(Task to complete) Please output exactly the part of the records below that opens with the line containing "I Only Tab The" and closes with the line containing "Pollock was well", both lines included, and nothing else.

Material for this exercise: Begin

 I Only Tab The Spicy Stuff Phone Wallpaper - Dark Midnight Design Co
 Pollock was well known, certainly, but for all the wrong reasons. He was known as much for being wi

Material for this exercise: End
Material for this exercise: Begin

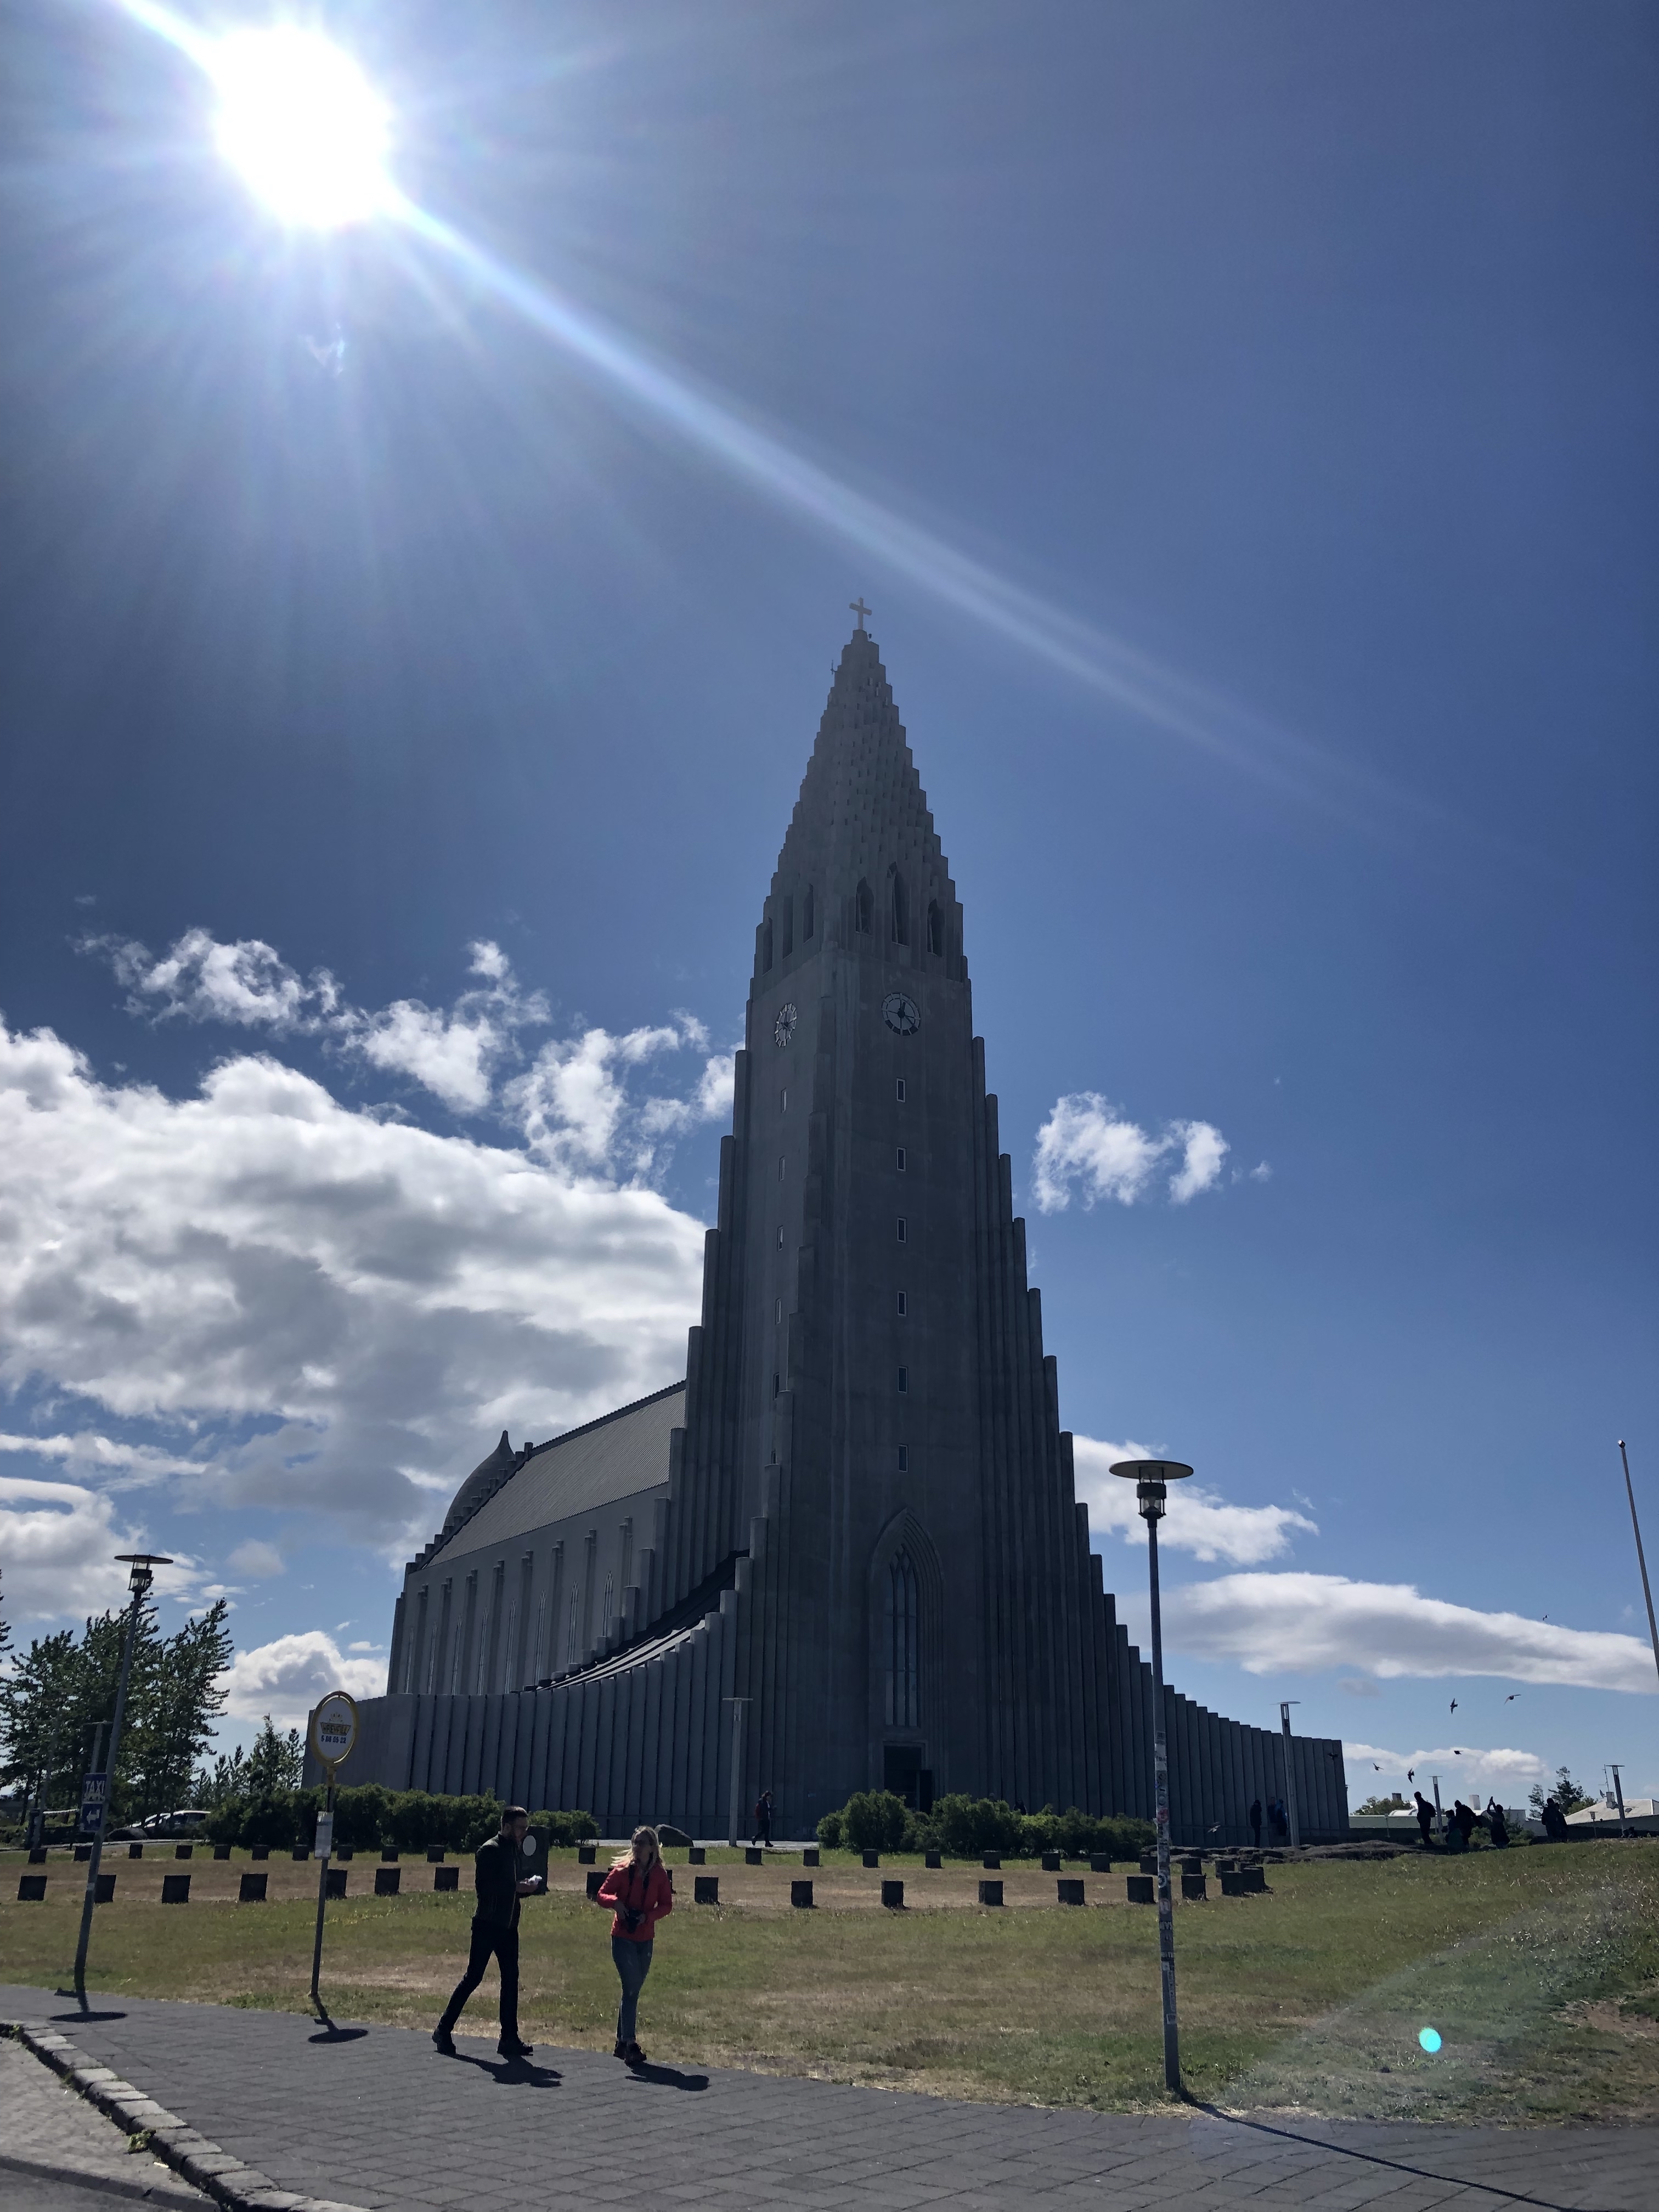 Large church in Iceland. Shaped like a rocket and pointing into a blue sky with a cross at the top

Material for this exercise: End
Material for this exercise: Begin

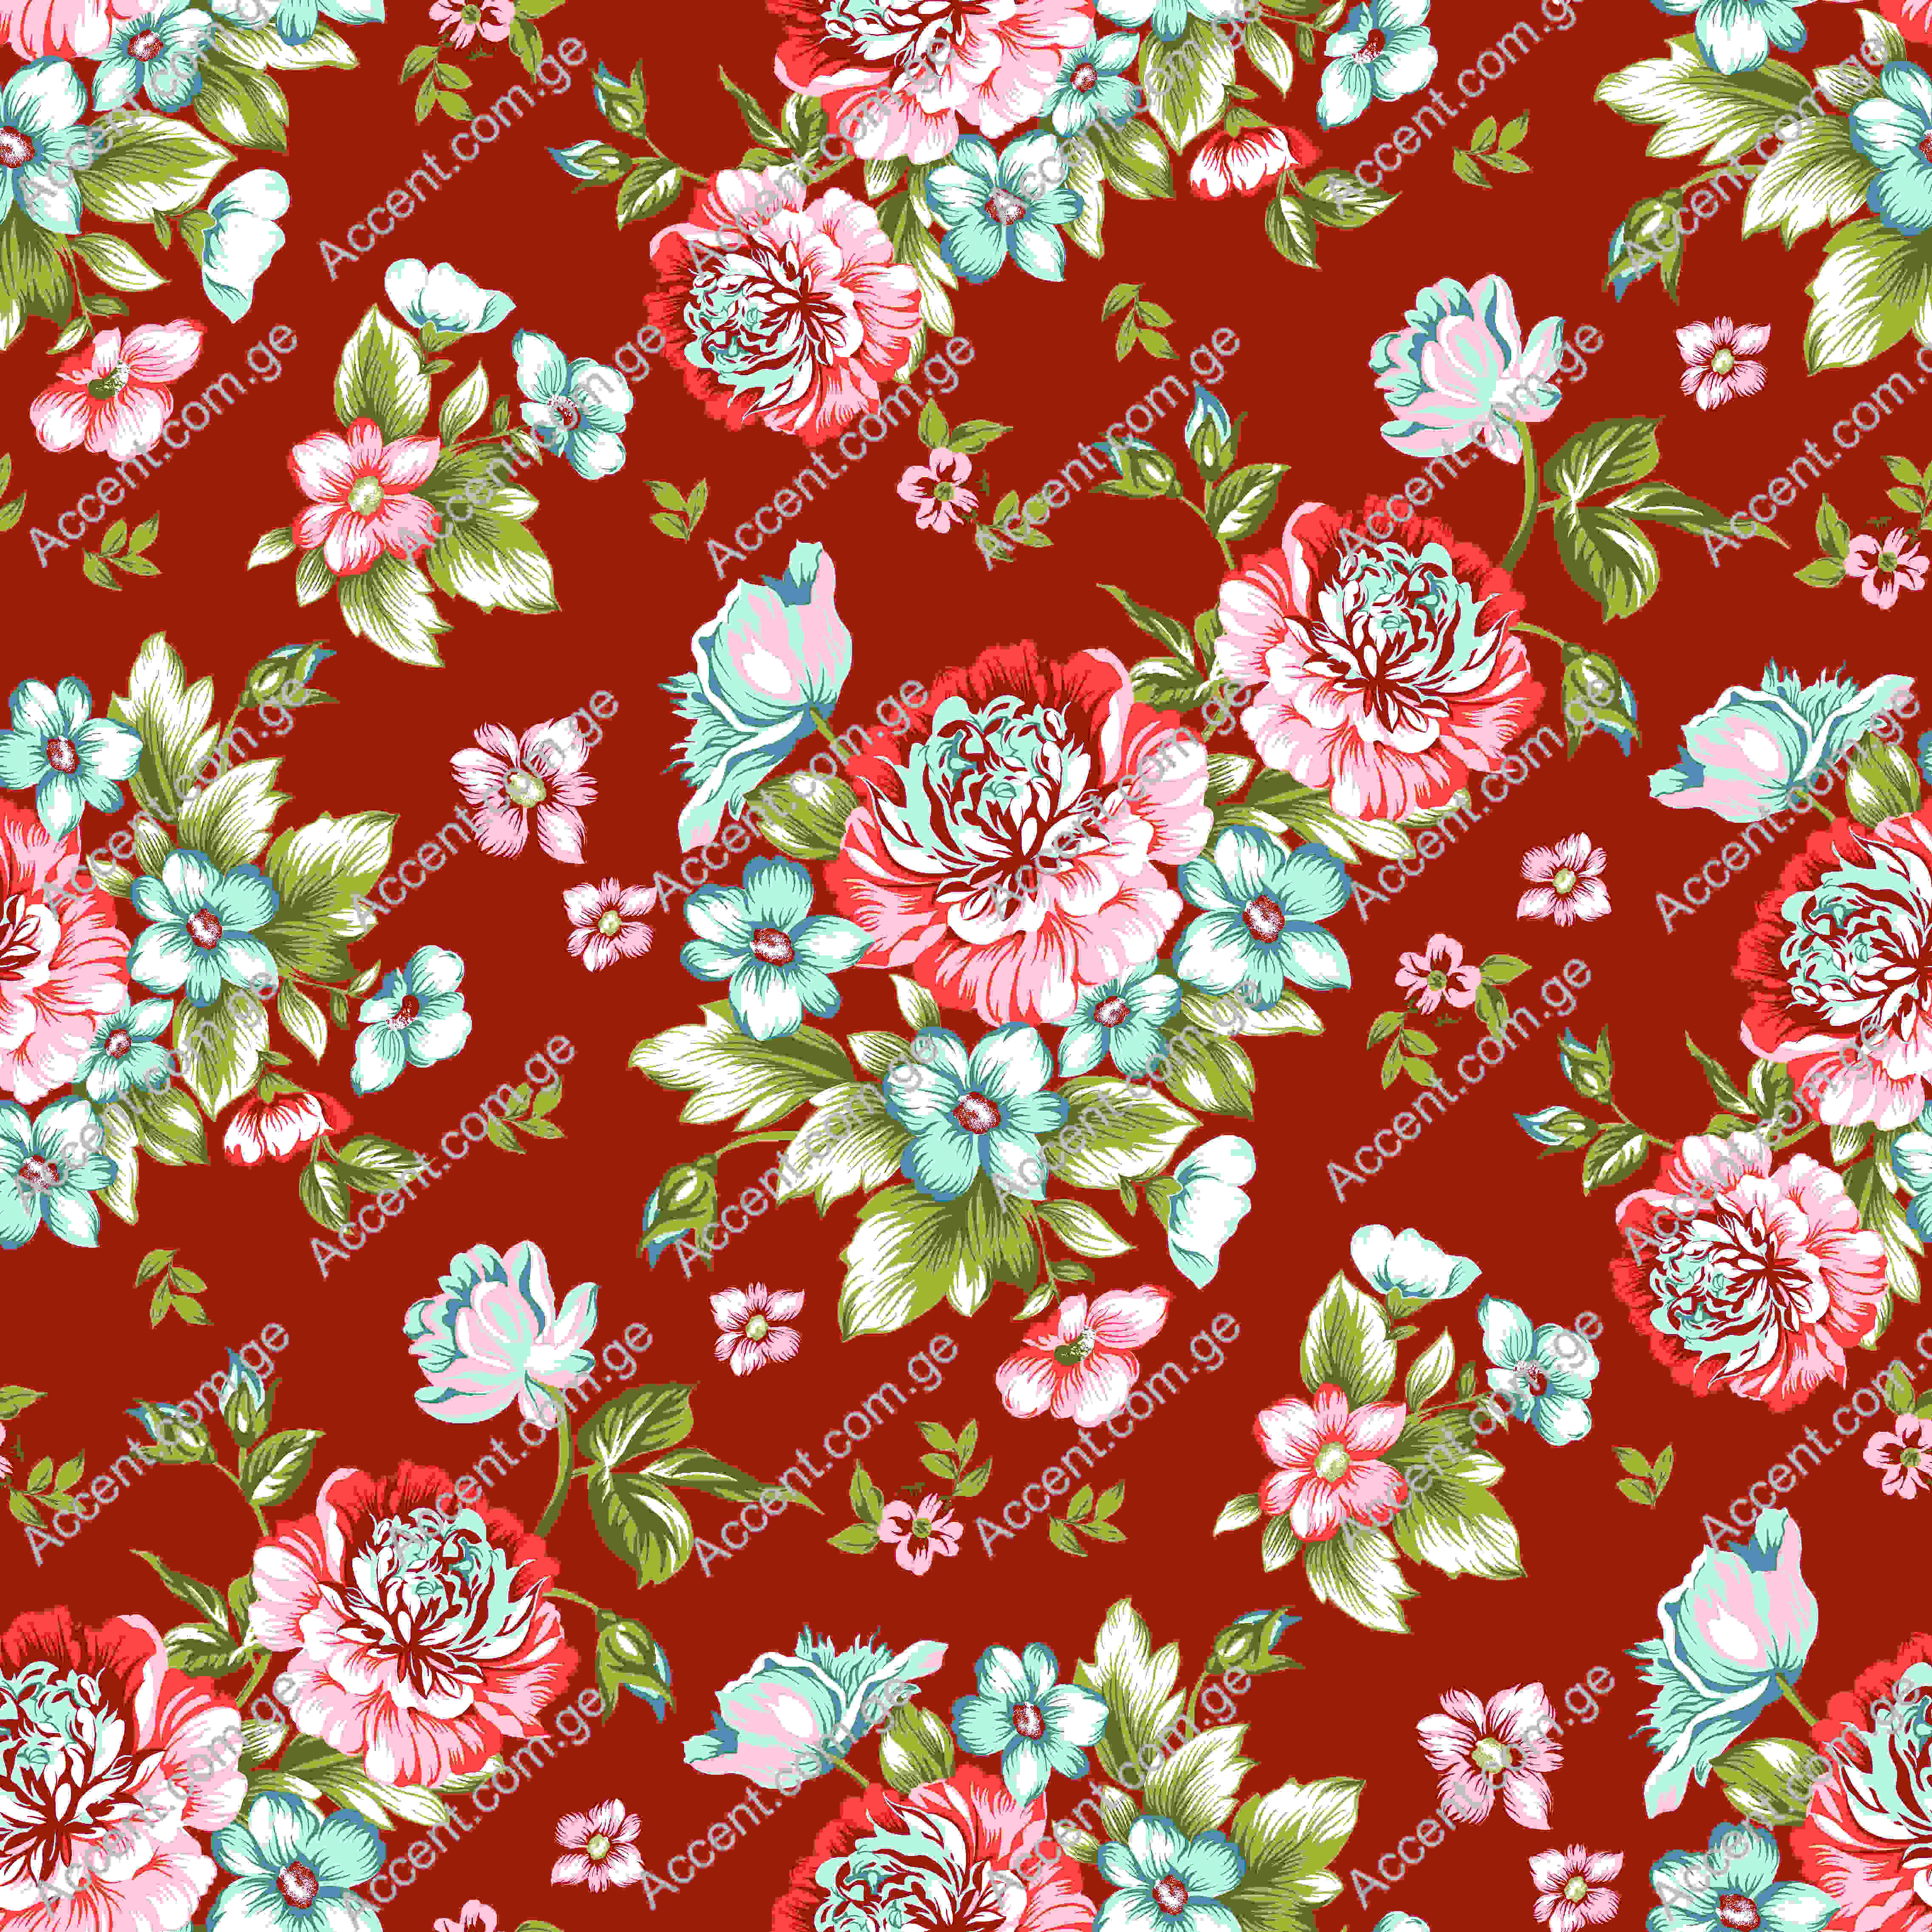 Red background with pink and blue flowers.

Material for this exercise: End

(Answer space)
 I Only Tab The Spicy Stuff Phone Wallpaper - Dark Midnight Design Co
 Pollock was well known, certainly, but for all the wrong reasons. He was known as much for being wi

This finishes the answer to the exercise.